- [YOUR ASSIGNMENT]
Find "Motorcycle 74 brampton" below and begin at its line; stop after the line with "360 technologie logo set vector". Output those lines exactly, without pictures.

Segment Start: DATA FOR THE TASK

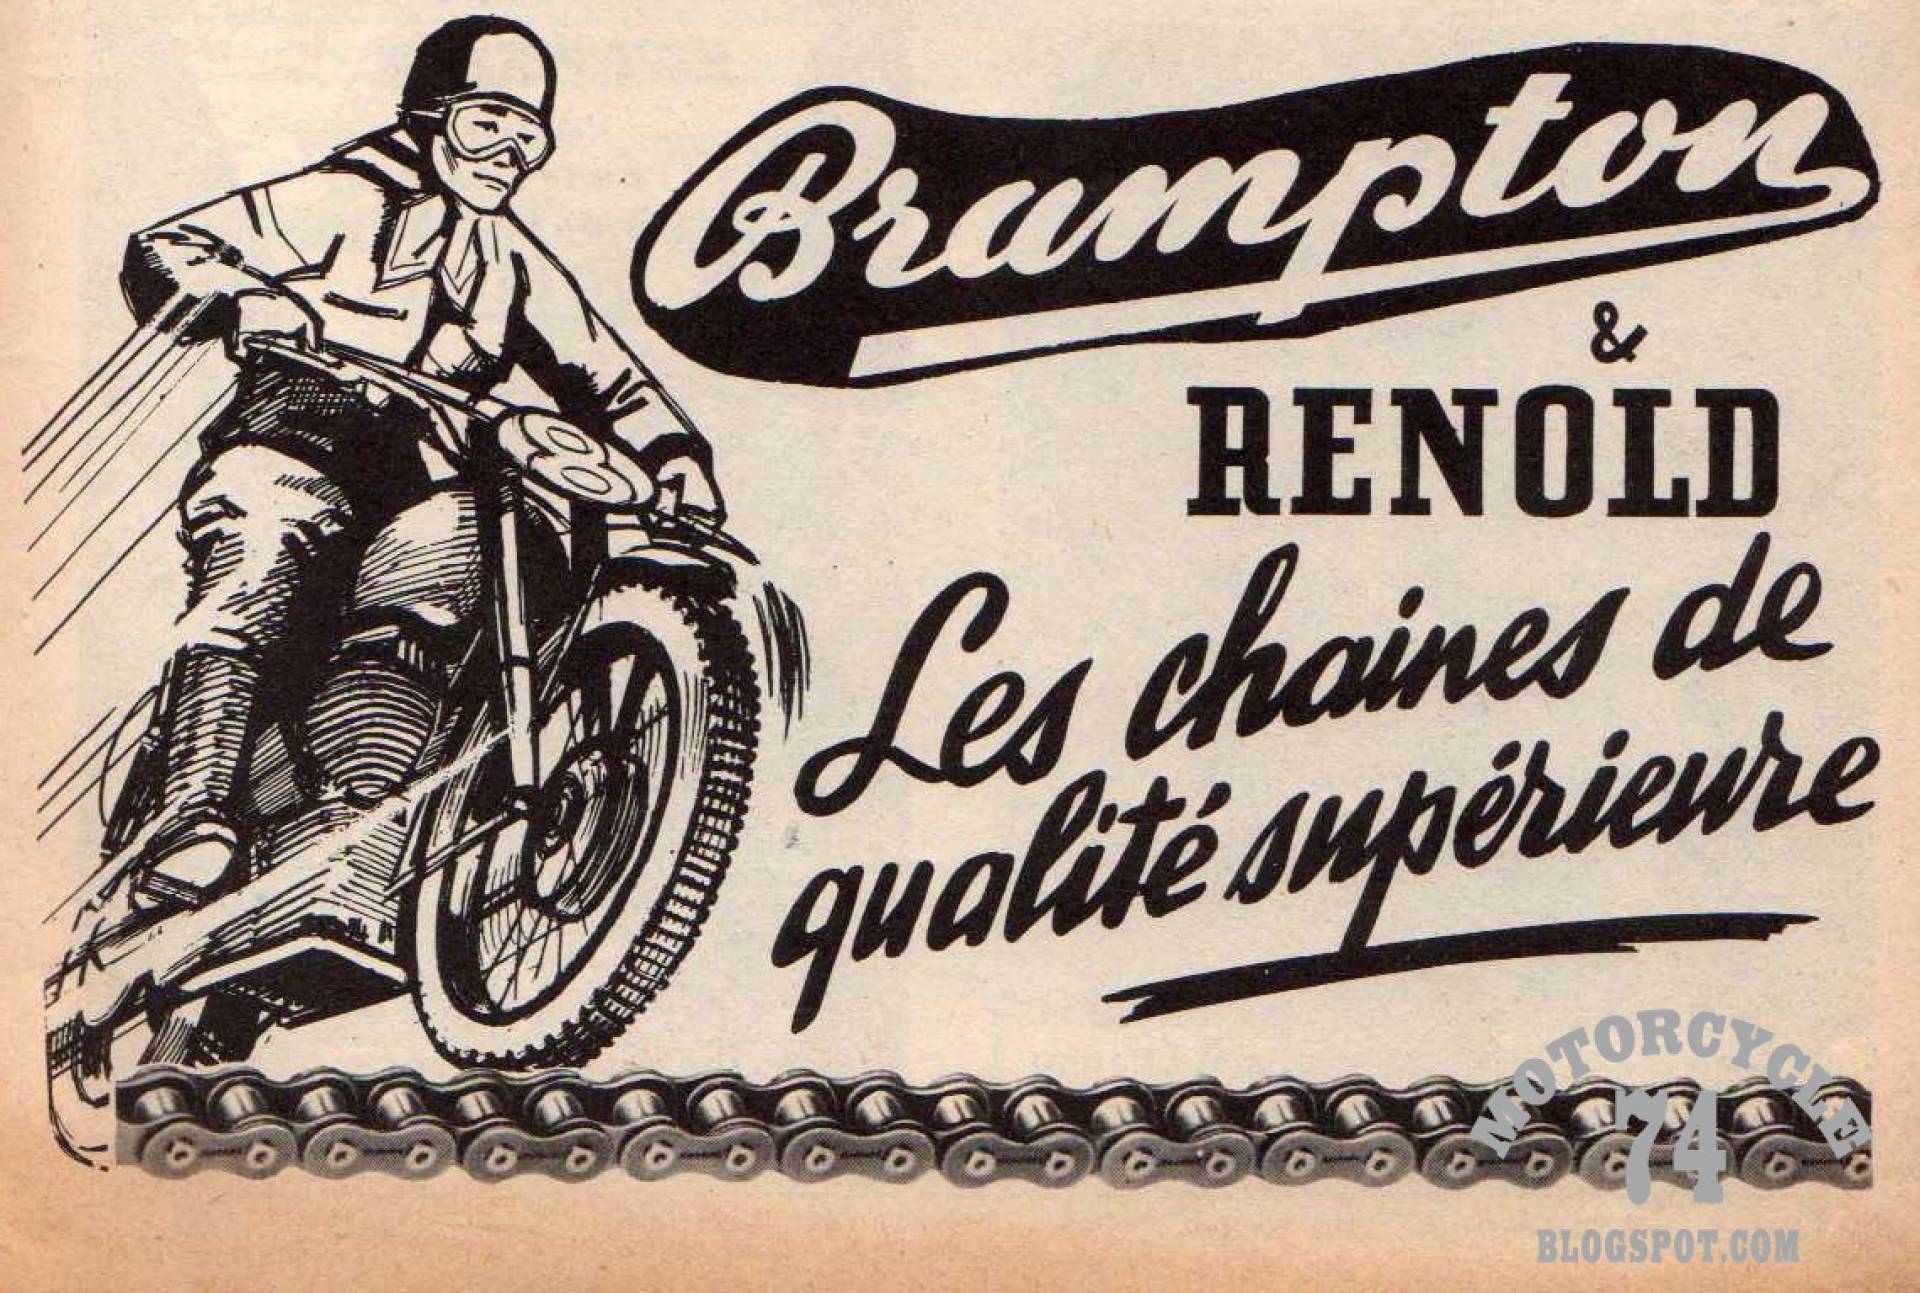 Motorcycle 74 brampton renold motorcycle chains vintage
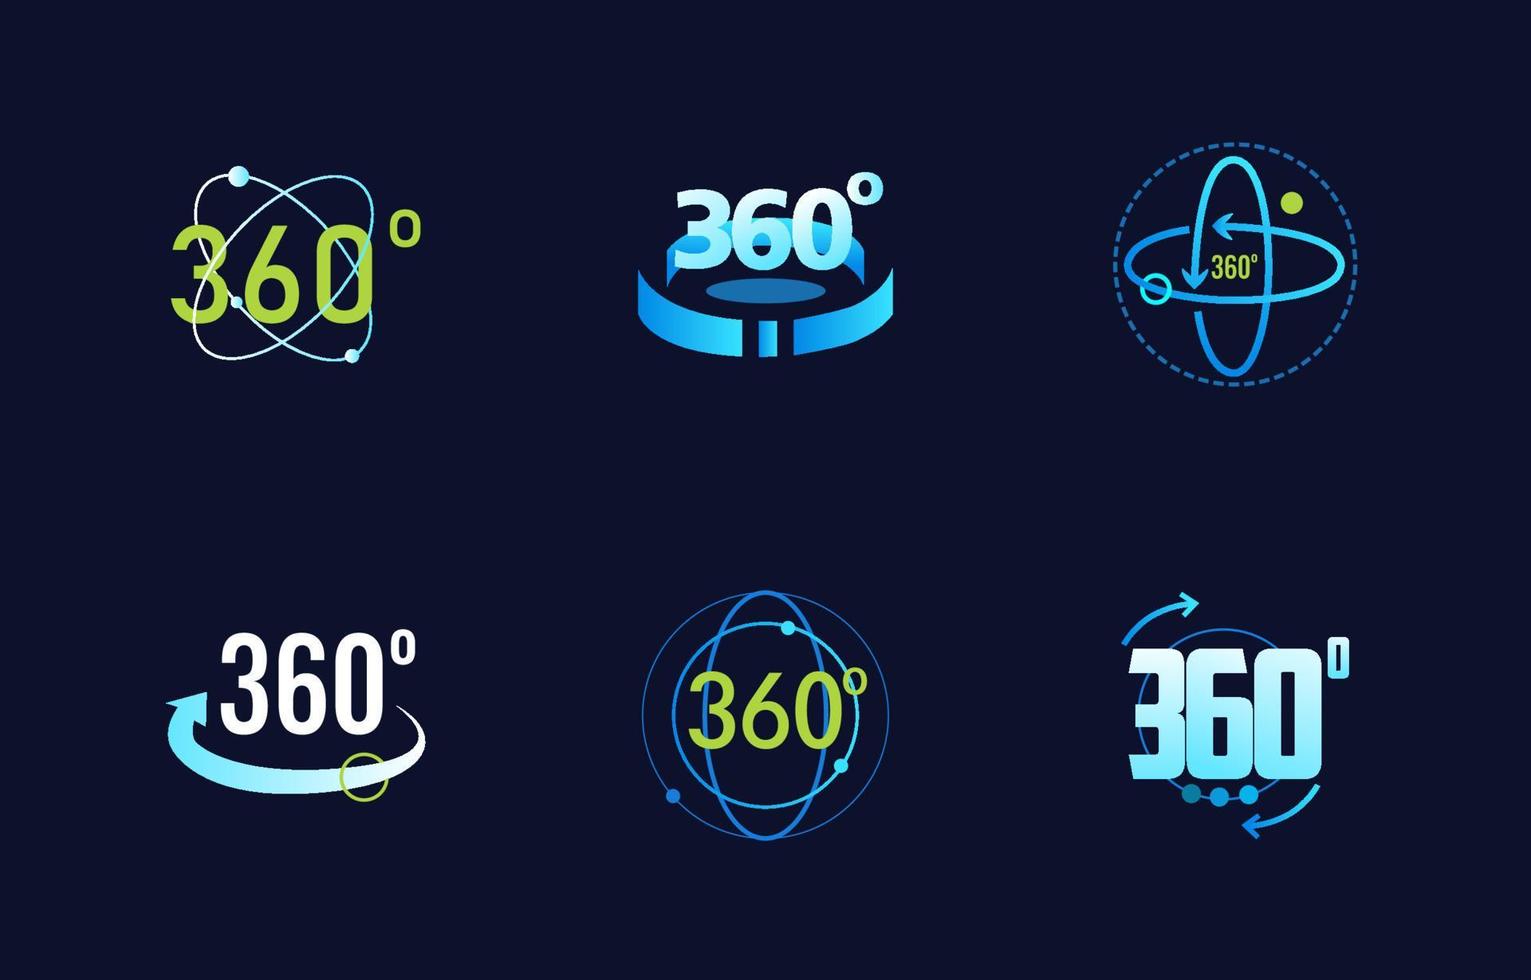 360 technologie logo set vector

Segment End: DATA FOR THE TASK
Segment Start: DATA FOR THE TASK

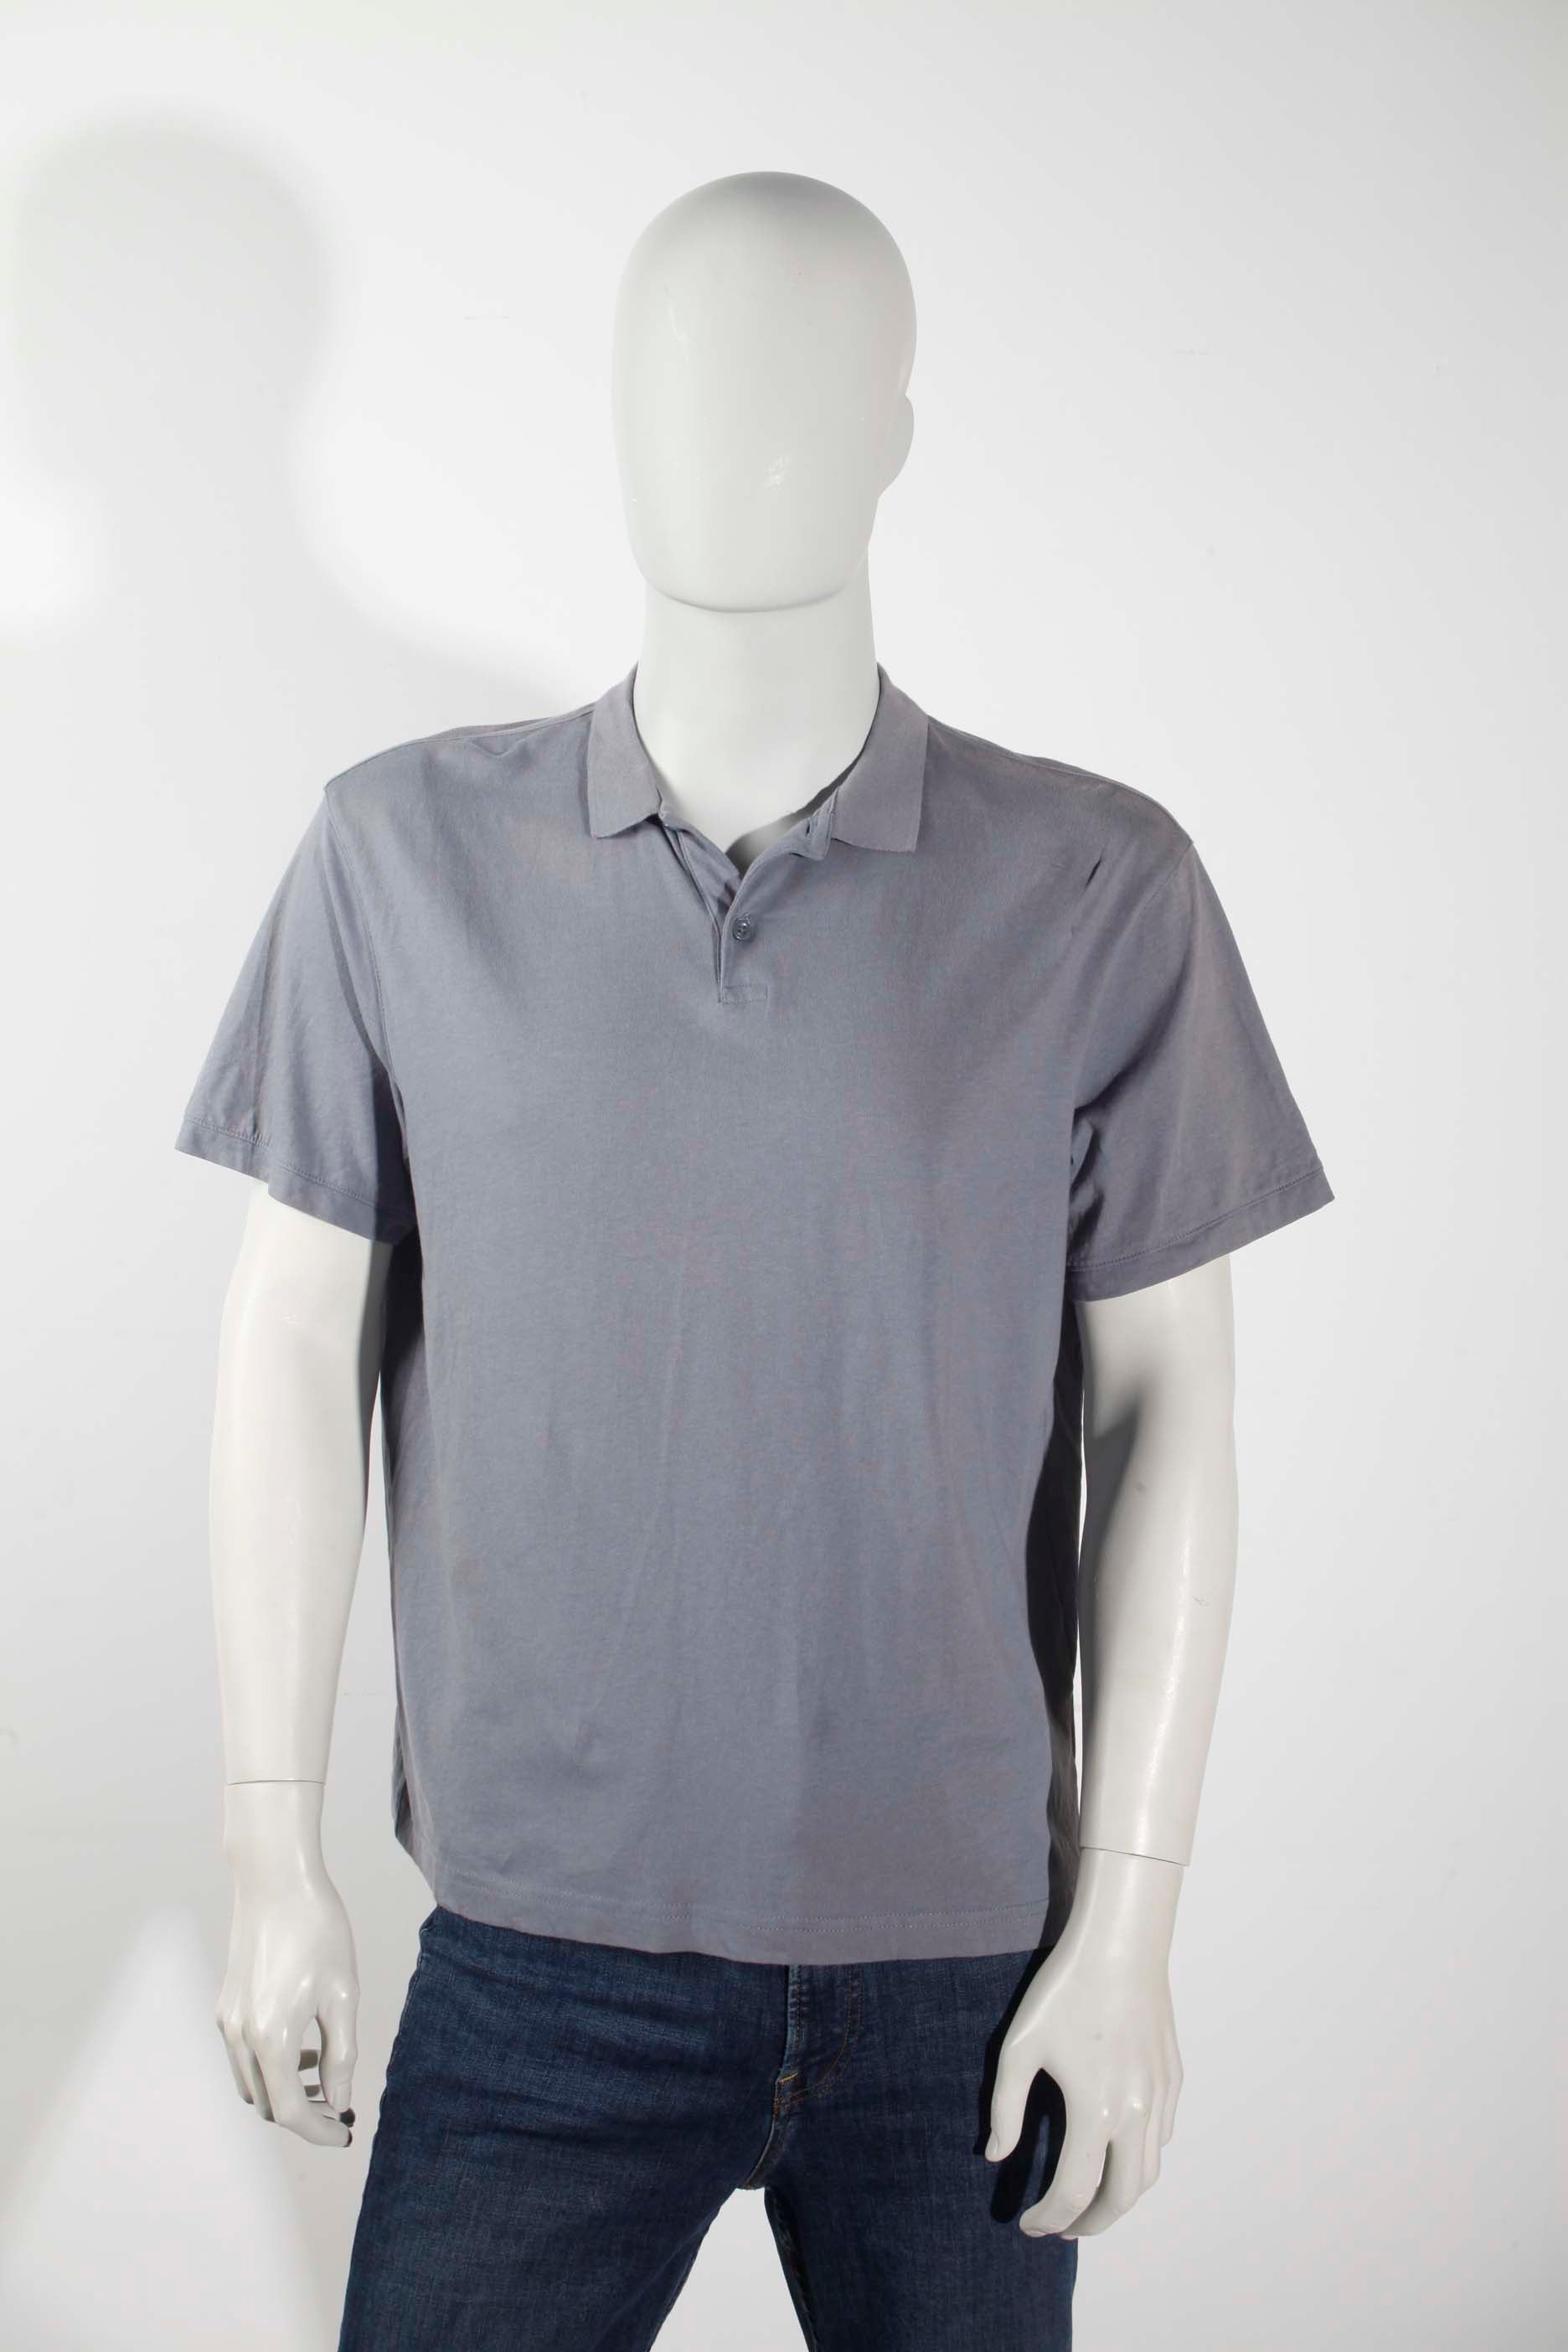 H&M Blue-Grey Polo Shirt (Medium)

Segment End: DATA FOR THE TASK
Segment Start: DATA FOR THE TASK

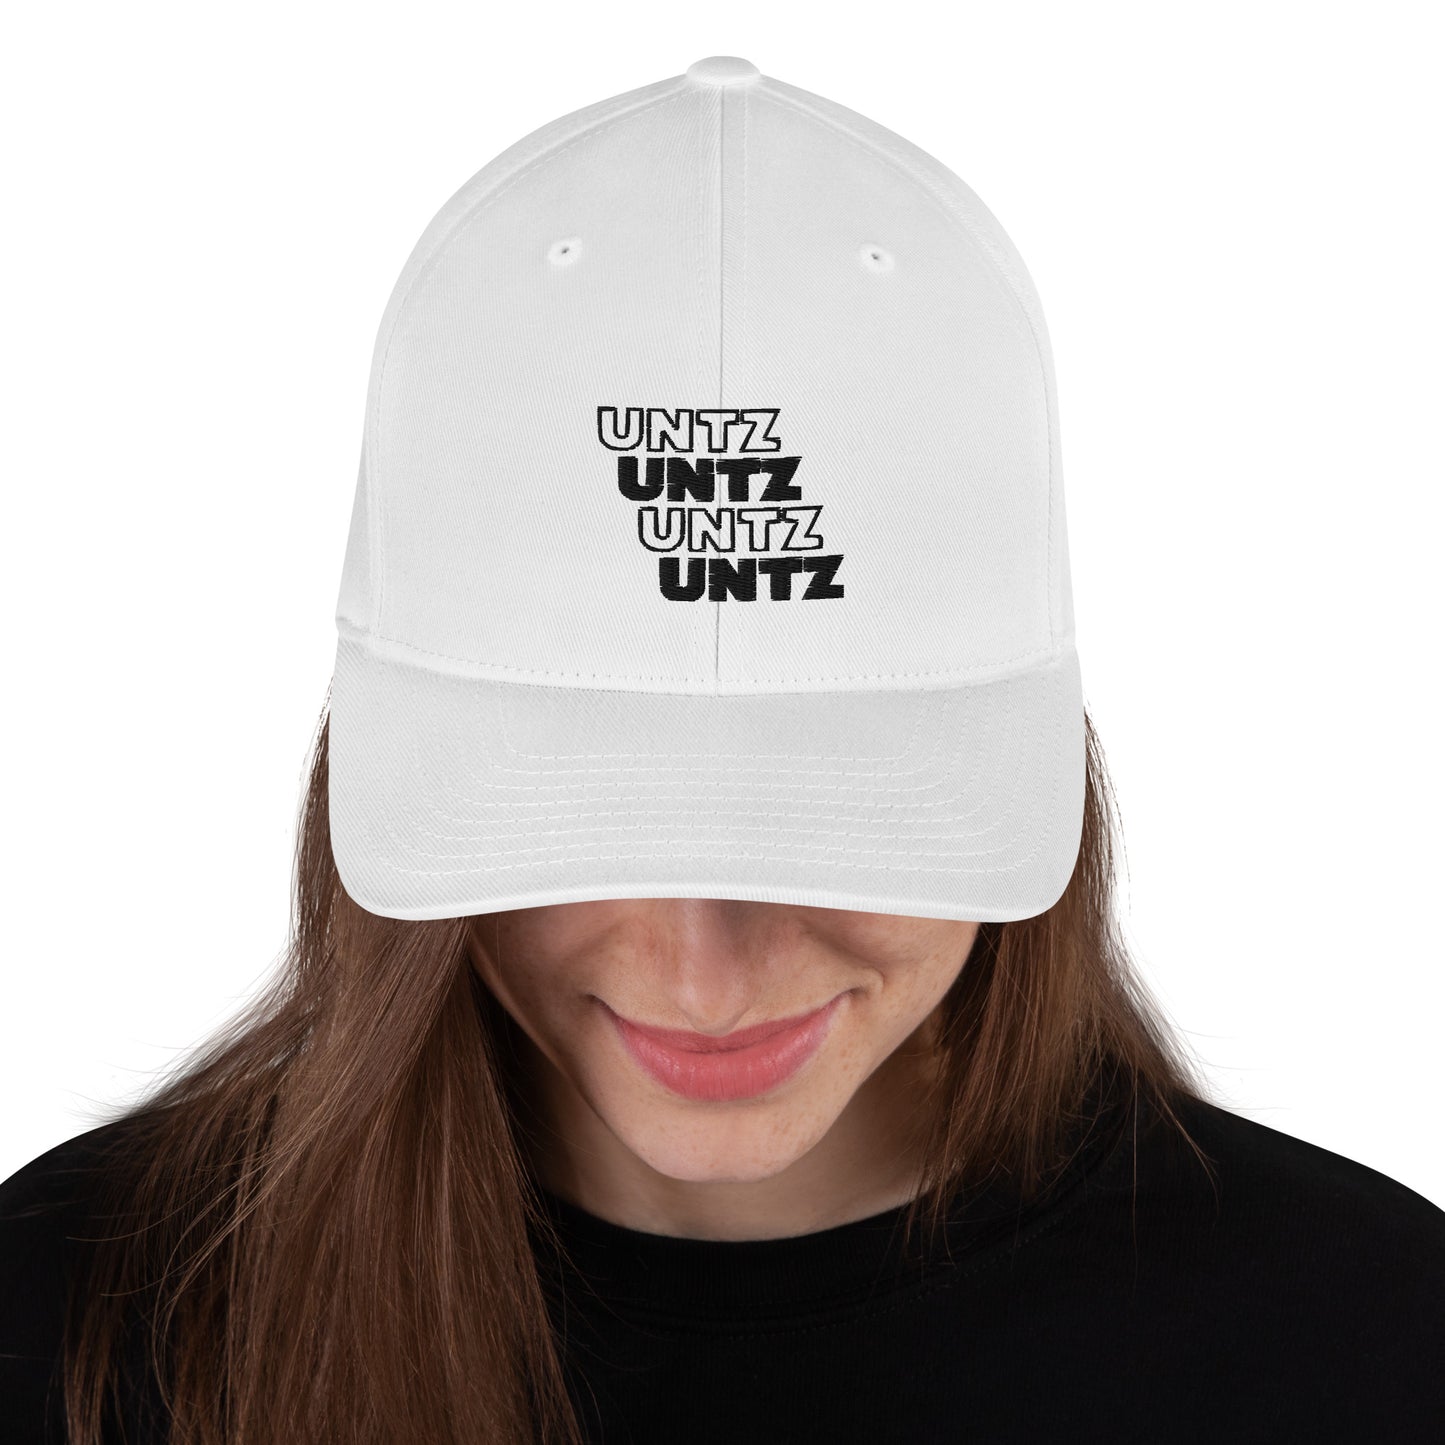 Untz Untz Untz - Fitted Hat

Segment End: DATA FOR THE TASK

- [EXPECTED OUTPUT]
 Motorcycle 74 brampton renold motorcycle chains vintage
 360 technologie logo set vector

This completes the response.